WORK REQUIRED = Omit every picture, then return the listing verbatim.

START COLLECTED DATA

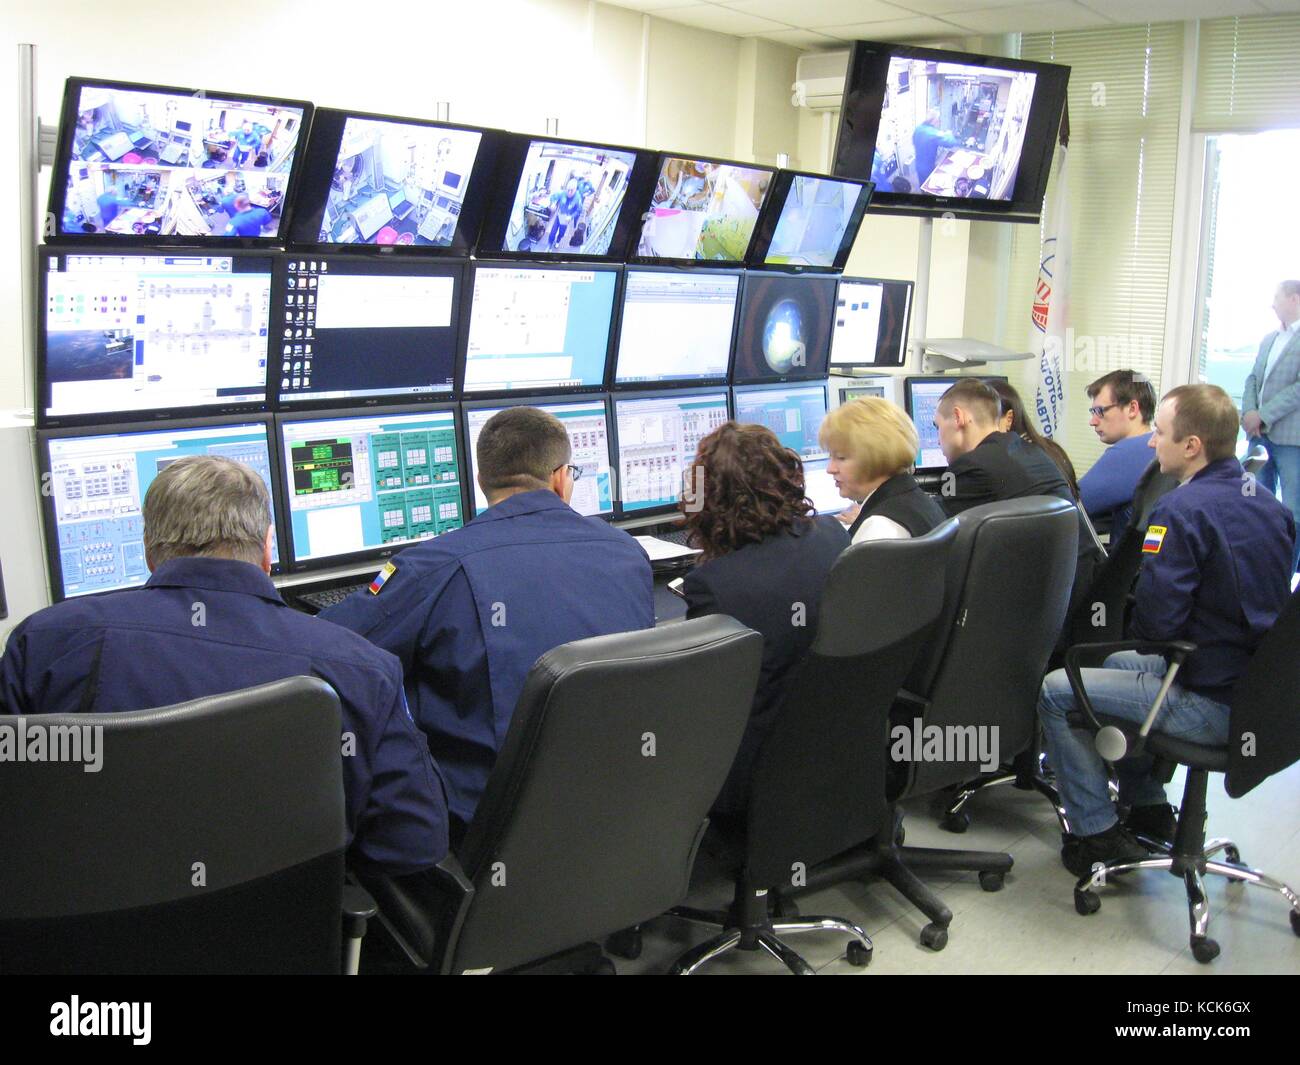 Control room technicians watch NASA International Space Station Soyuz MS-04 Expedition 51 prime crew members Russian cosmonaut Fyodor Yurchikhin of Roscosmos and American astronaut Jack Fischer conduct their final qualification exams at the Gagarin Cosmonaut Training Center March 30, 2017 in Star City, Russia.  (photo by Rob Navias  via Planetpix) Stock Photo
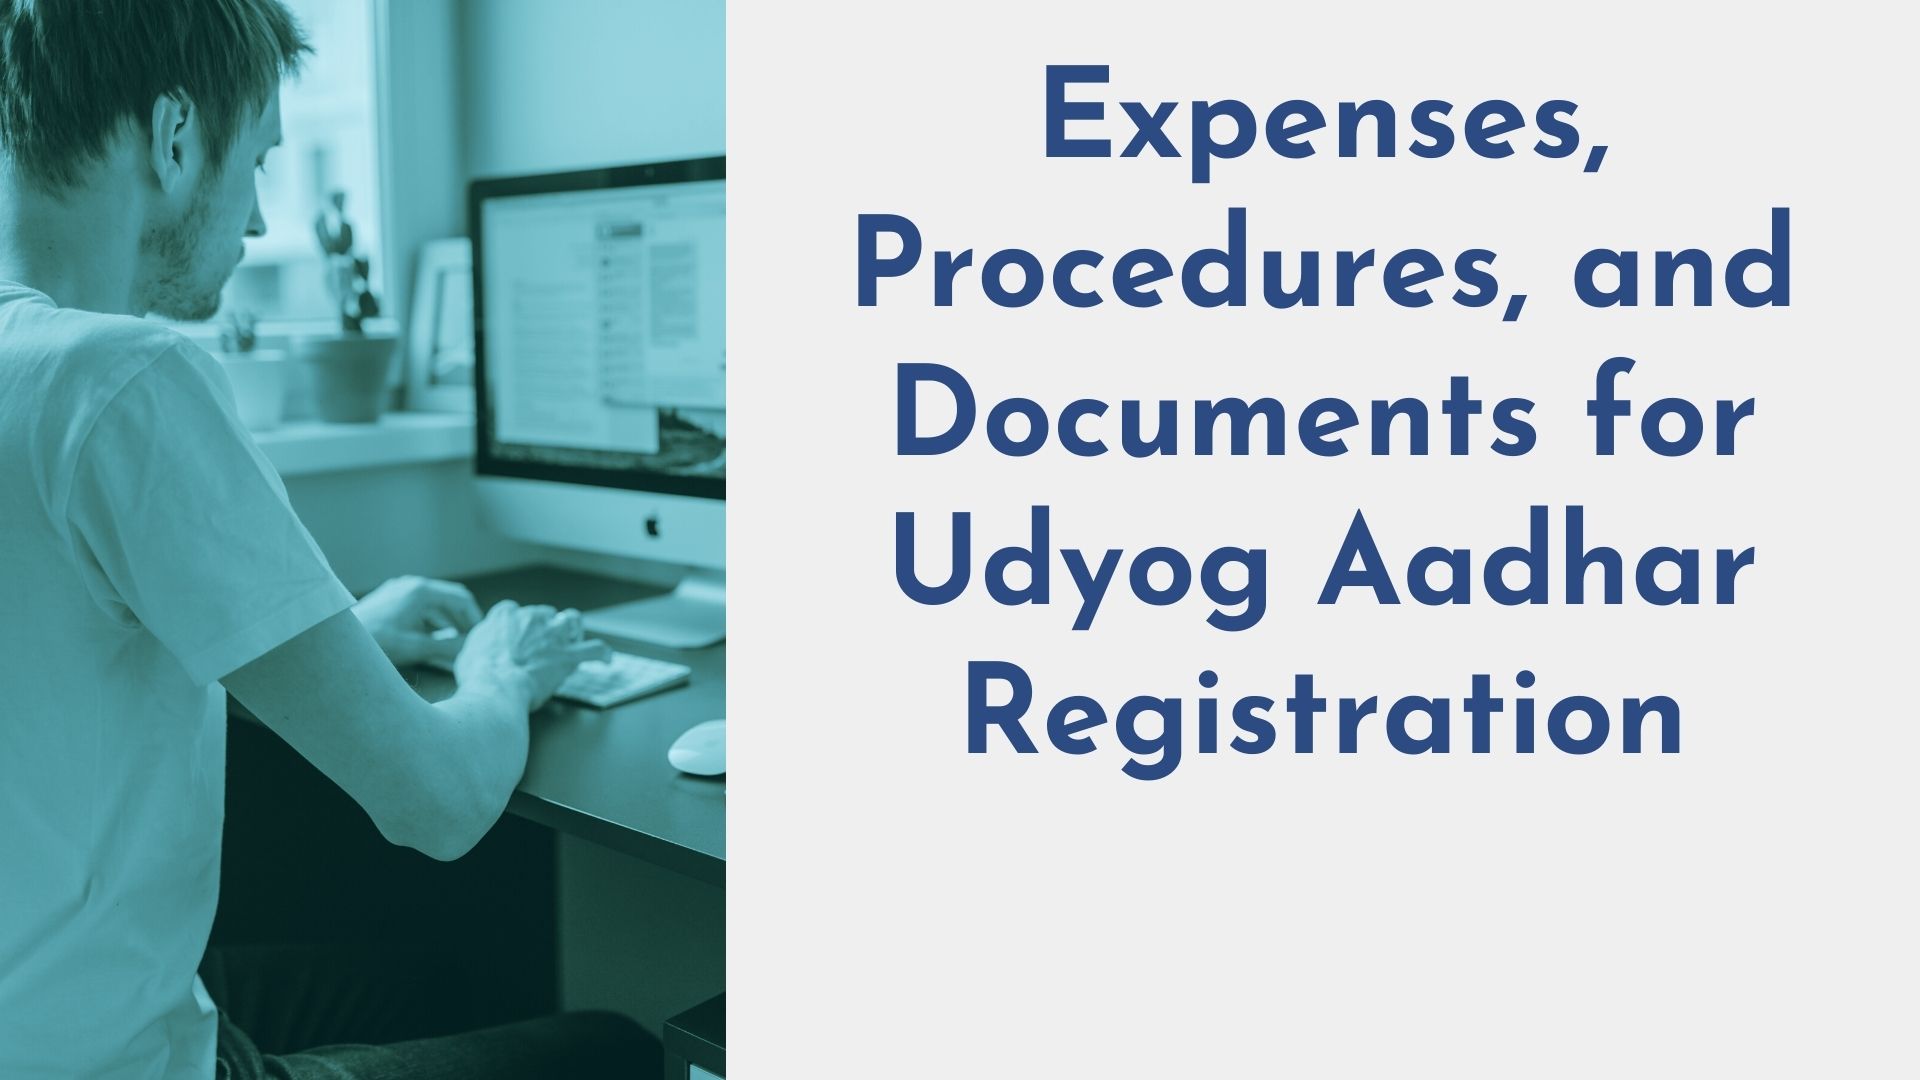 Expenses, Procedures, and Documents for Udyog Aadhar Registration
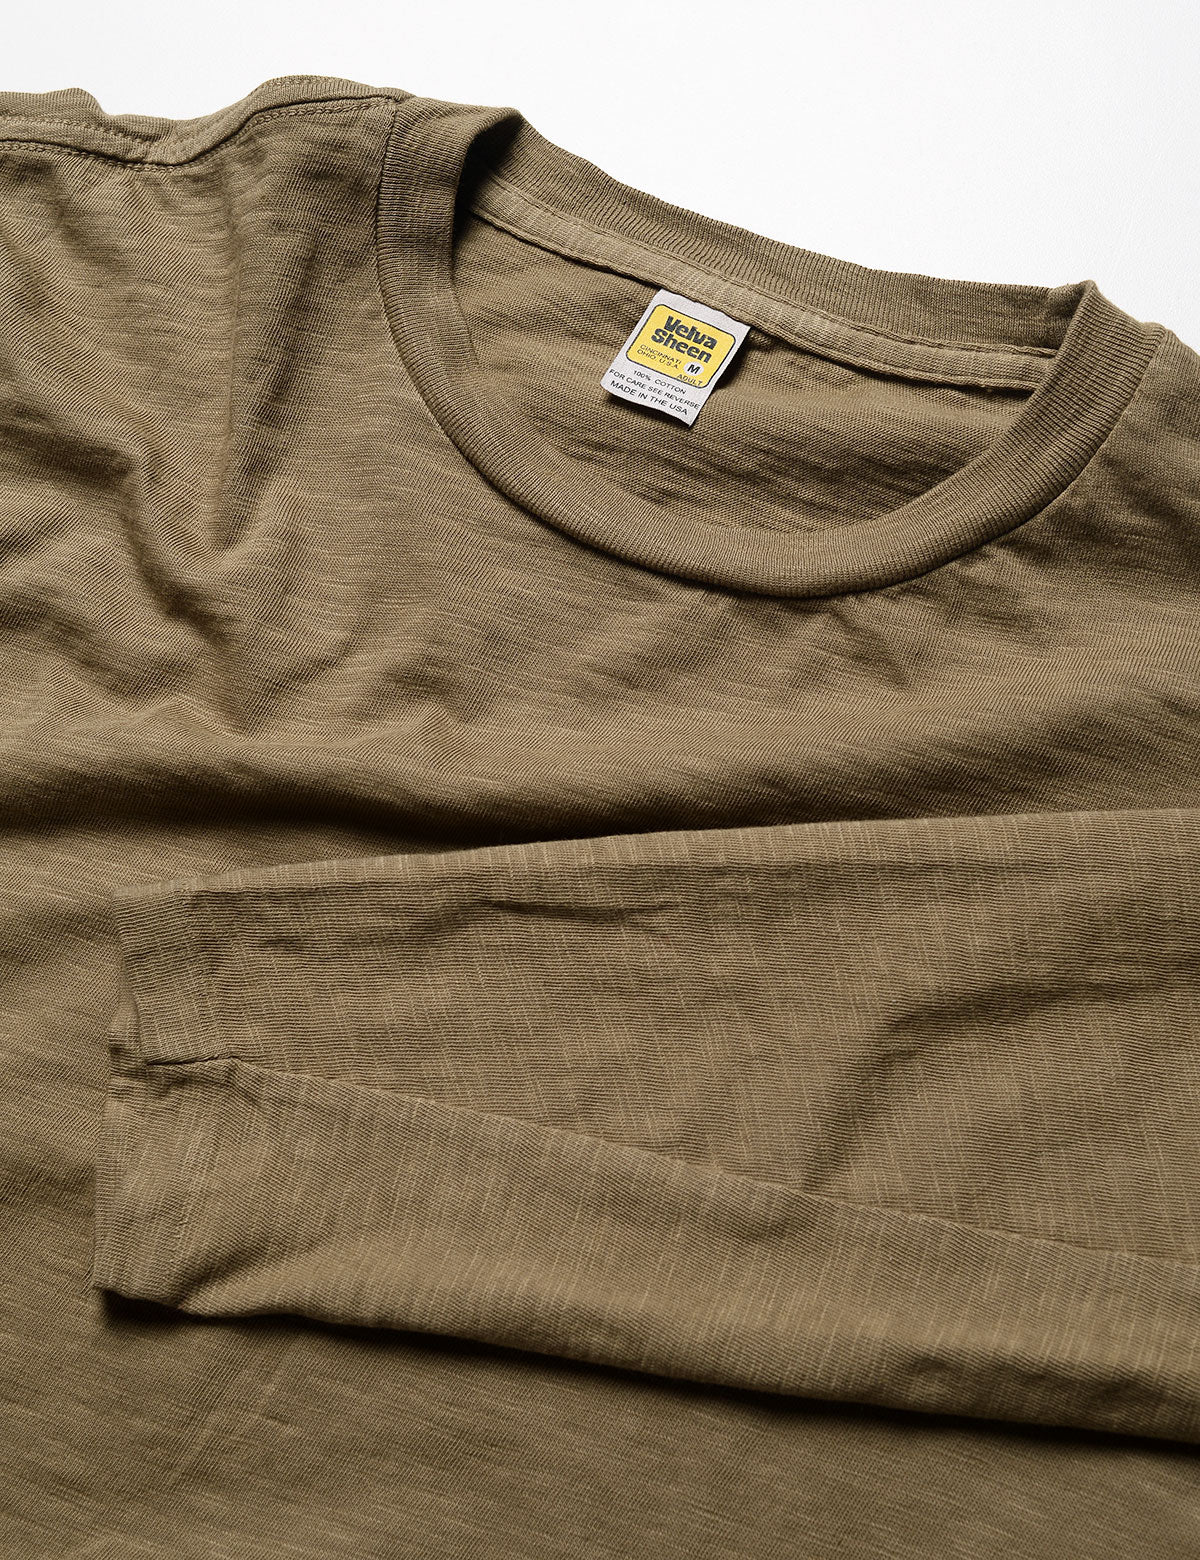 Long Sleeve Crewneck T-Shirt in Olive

END COLLECTED DATA

REPLY TO THE TASK =
 Control room technicians watch NASA International Space Station Soyuz MS-04 Expedition 51 prime crew members Russian cosmonaut Fyodor Yurchikhin of Roscosmos and American astronaut Jack Fischer conduct their final qualification exams at the Gagarin Cosmonaut Training Center March 30, 2017 in Star City, Russia.  (photo by Rob Navias  via Planetpix) Stock Photo
 Expenses, Procedures, and Documents for Udyog Aadhar Registration
 Long Sleeve Crewneck T-Shirt in Olive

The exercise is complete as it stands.